**BRIEF**. Look below for the line containing "Shildon Railway Museum, County". Write out that line and the rest through the last one, exactly as they appear, but without pictures.

**SUPPLIED INFORMATION**.
====================

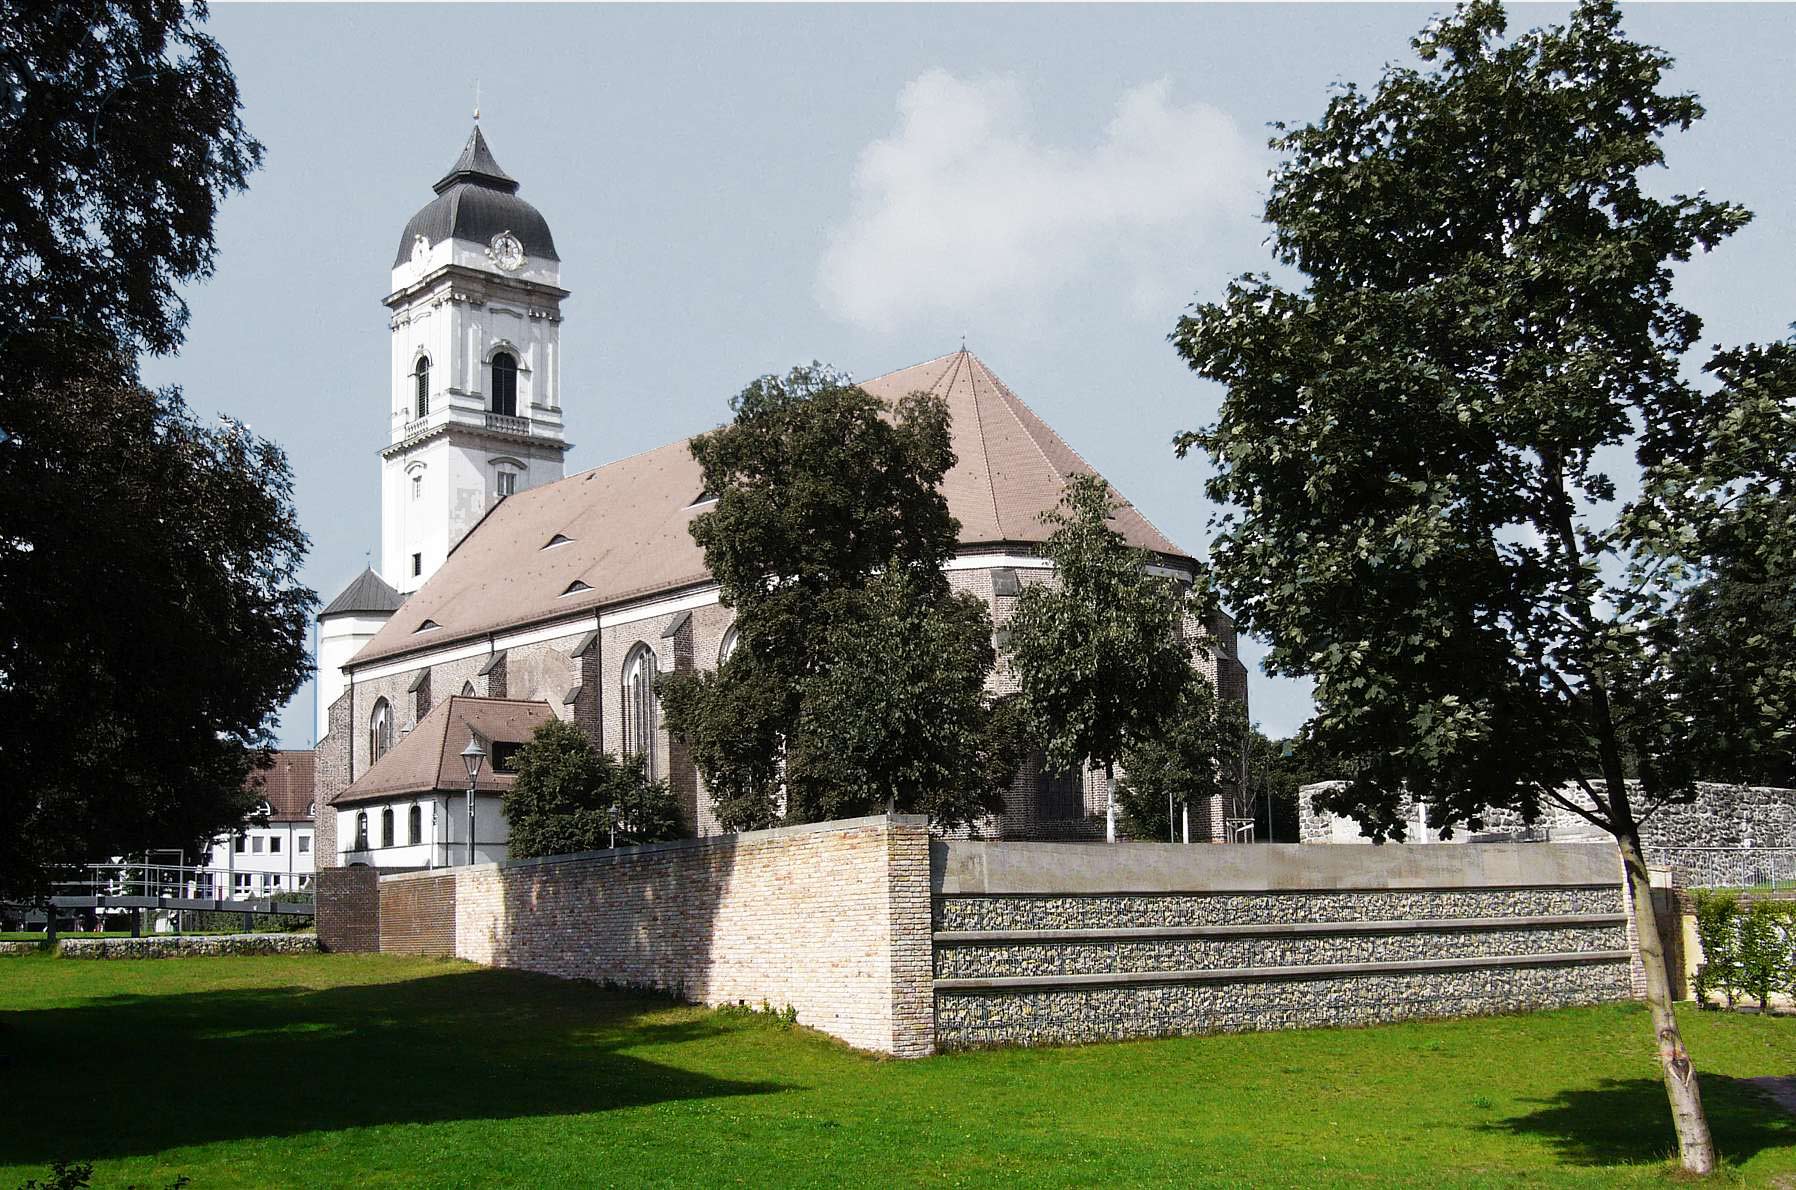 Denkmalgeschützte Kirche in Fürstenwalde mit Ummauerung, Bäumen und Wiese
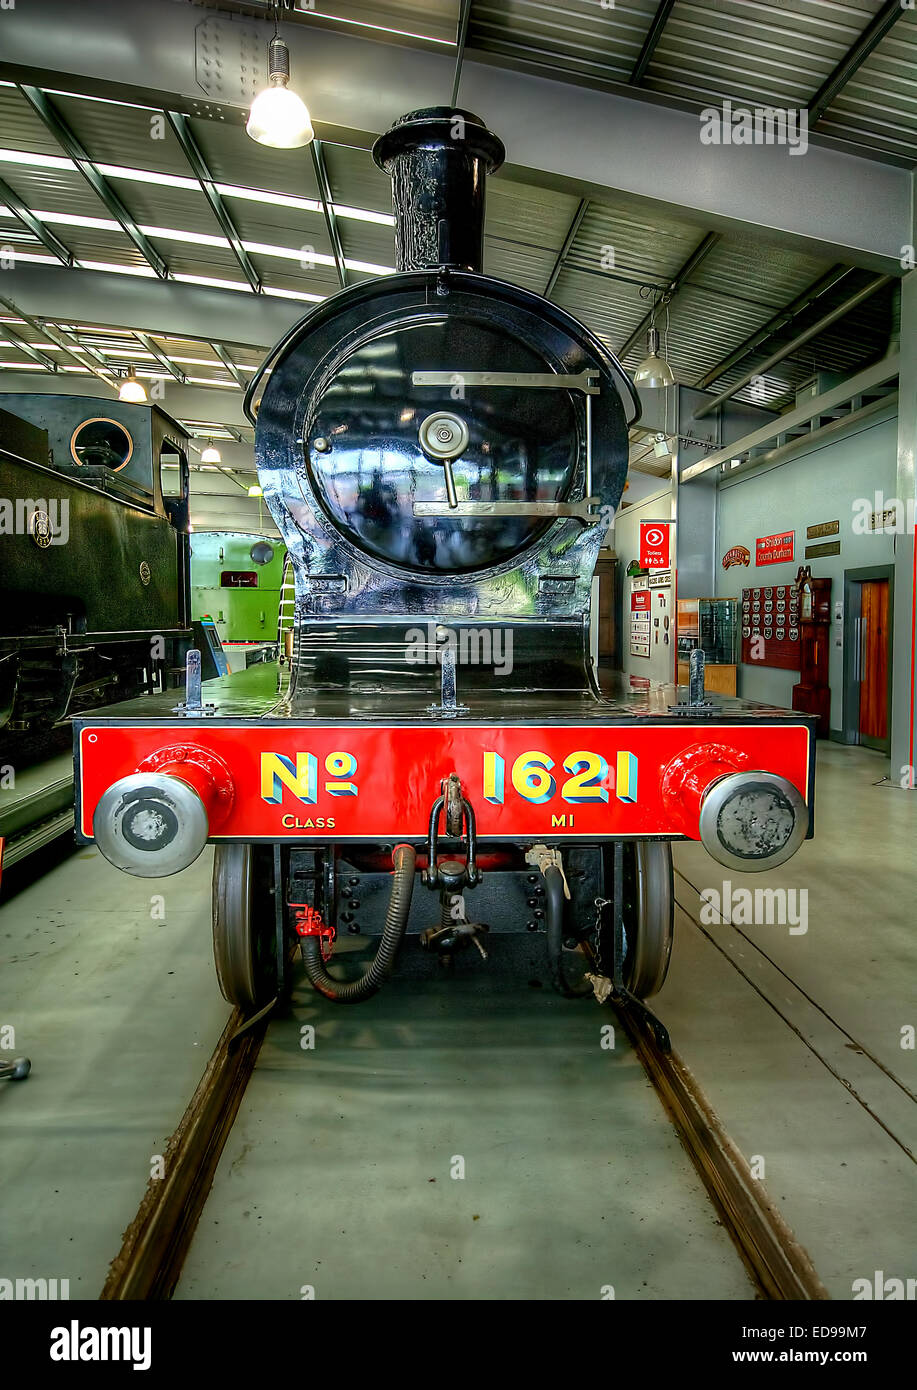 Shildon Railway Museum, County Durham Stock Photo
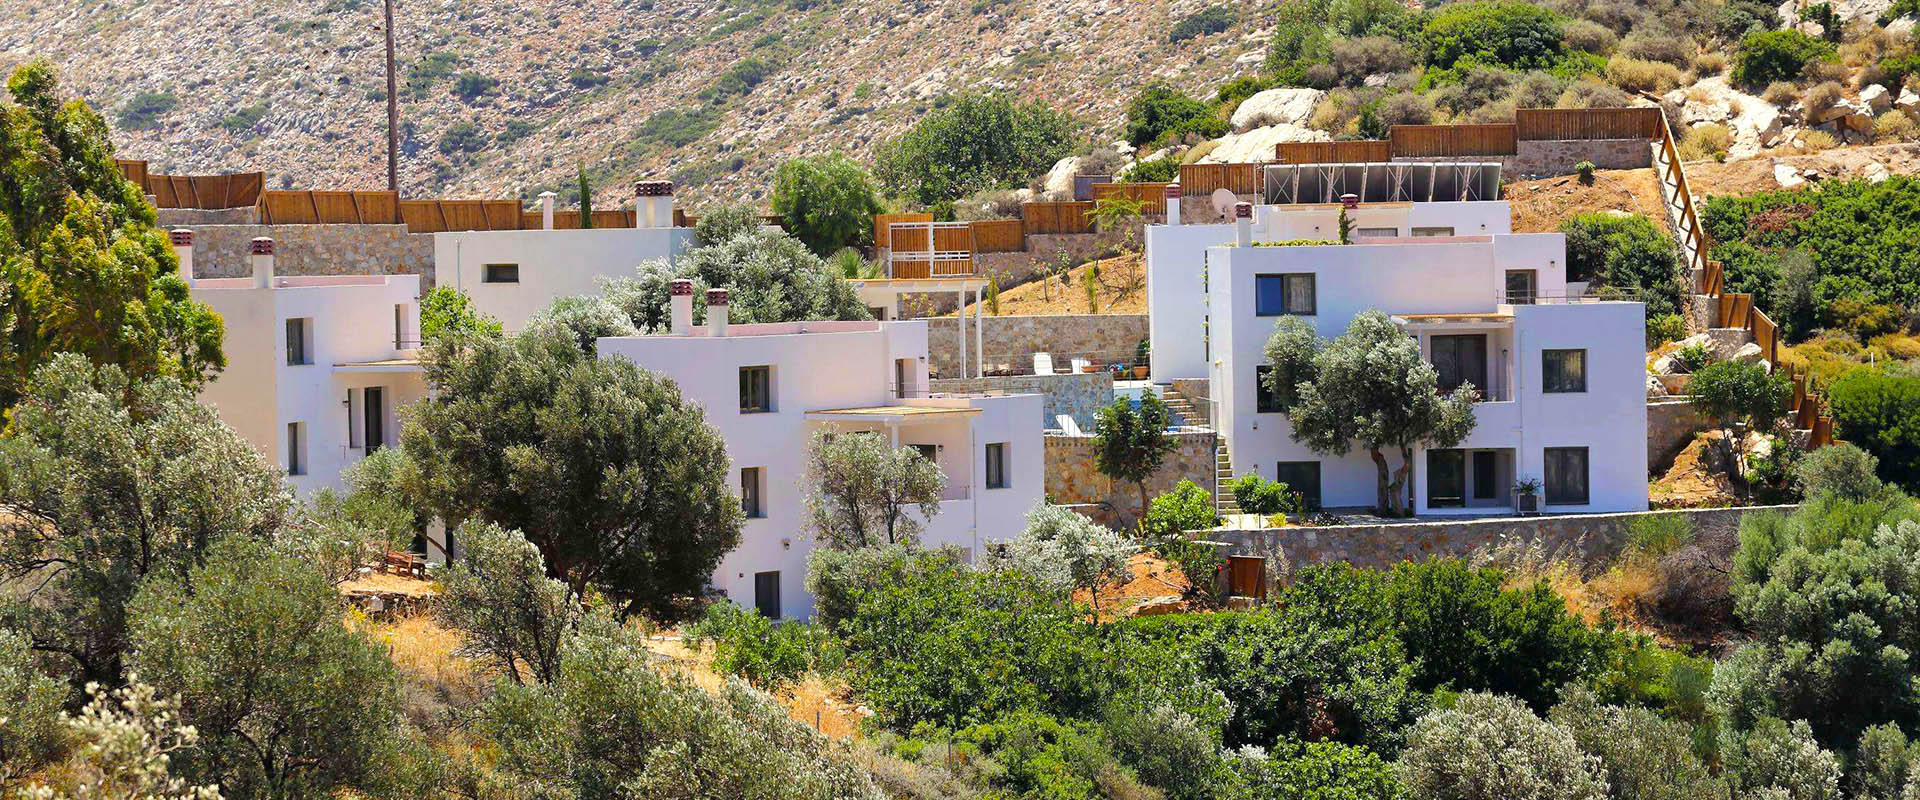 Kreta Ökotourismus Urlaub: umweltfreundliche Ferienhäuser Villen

====================

**ANSWER BOX**.
 Shildon Railway Museum, County Durham Stock Photo
 Kreta Ökotourismus Urlaub: umweltfreundliche Ferienhäuser Villen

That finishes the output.